Getting House: Bob Porter on the Alternative History and Living Legacy of 'Soul Jazz'
"Jazz has been described any number of times as the great American art form," writes Bob Porter in the introduction to Soul Jazz: Jazz in the Black Community 1945-1975. "It is certainly that," he goes on, "but it is also a way to make a living."
That no-nonsense setup swings open the gate to a book grounded in authority and filled with firsthand insight. As a record producer, Bob Porter has had a hand in more than 200 albums, including classics for Prestige and core reissues on Atlantic and Savoy. As a broadcaster, Bob goes back to Day One at Newark Public Radio, otherwise known as WBGO. After starting out with The Weekend Warrior, he conceived Portraits in Blue, which celebrates its 40th anniversary on the air this year.

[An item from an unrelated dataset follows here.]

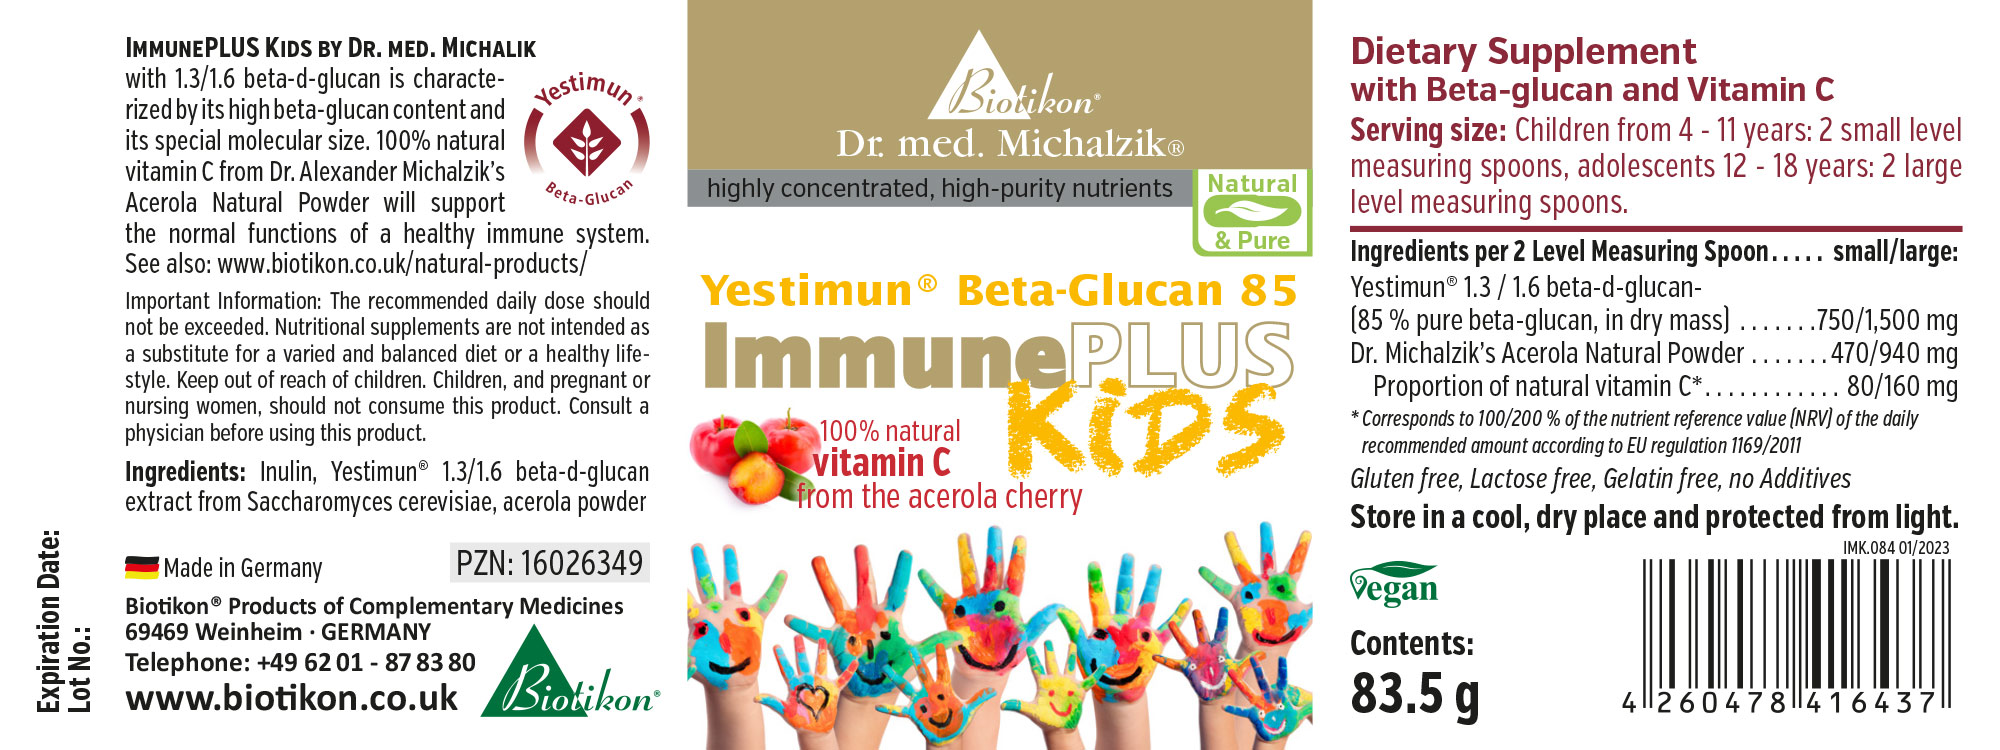 ImmunePLUS Kids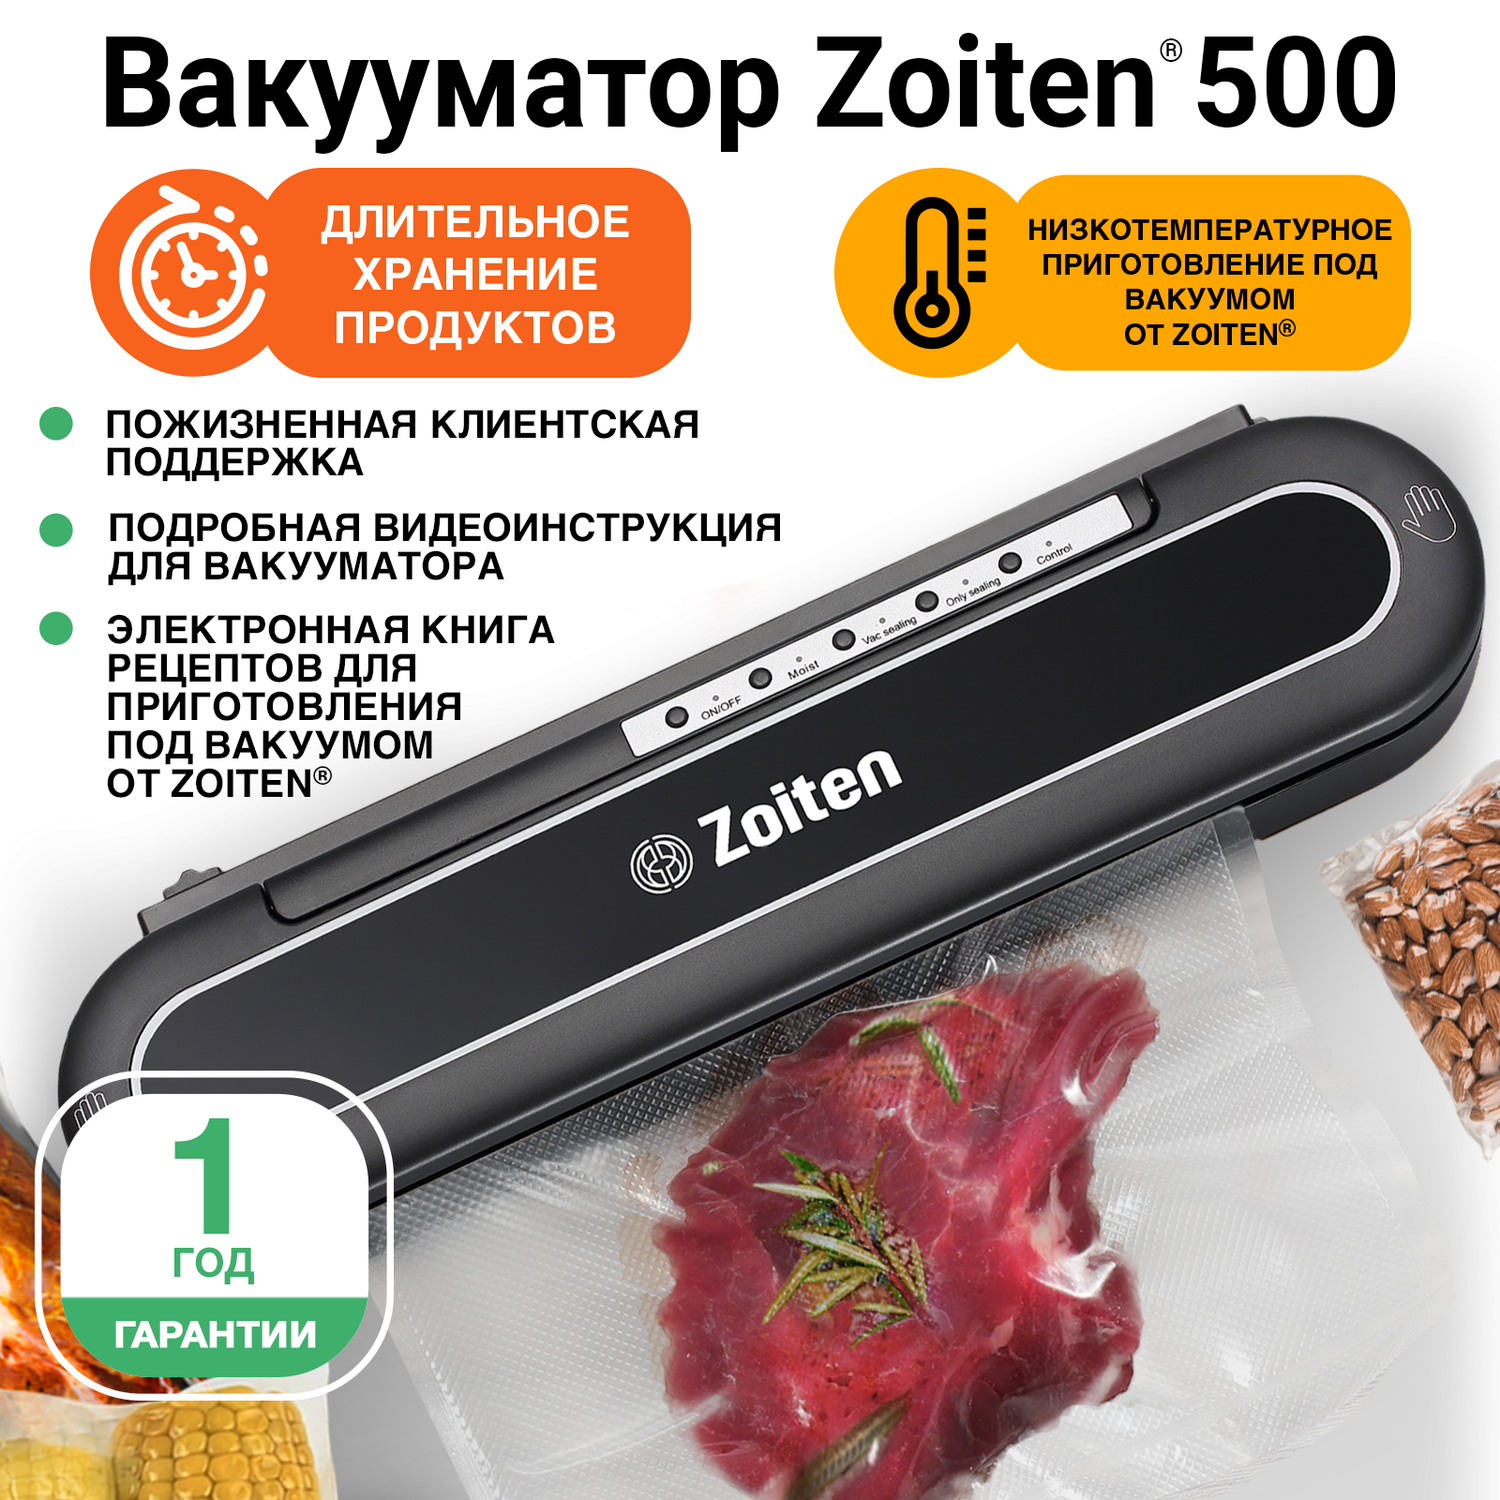 Купить кухонную технику для хранение продуктов в интернет магазине вороковский.рф

Here at Jazz United we often talk about how our music thrives in the spaces that fall outside a discography or critical orthodoxy. So as we embark on Jazz Appreciation Month, we thought it only fitting to show our appreciation for a colleague and elder who has helped shape that legacy, and then continued to illuminate it.
The core of this episode is an interview Bob did with Nate Chinen in the studio at WBGO on Sept. 27, 2017. Soul Jazz was the topic at hand, and it yielded a far-ranging discussion, touching on the influence of evolving recording technologies; the social framework behind critical bias; and the ways in which some artists, like guitarist Grant Green, found their greatest success in the afterlife.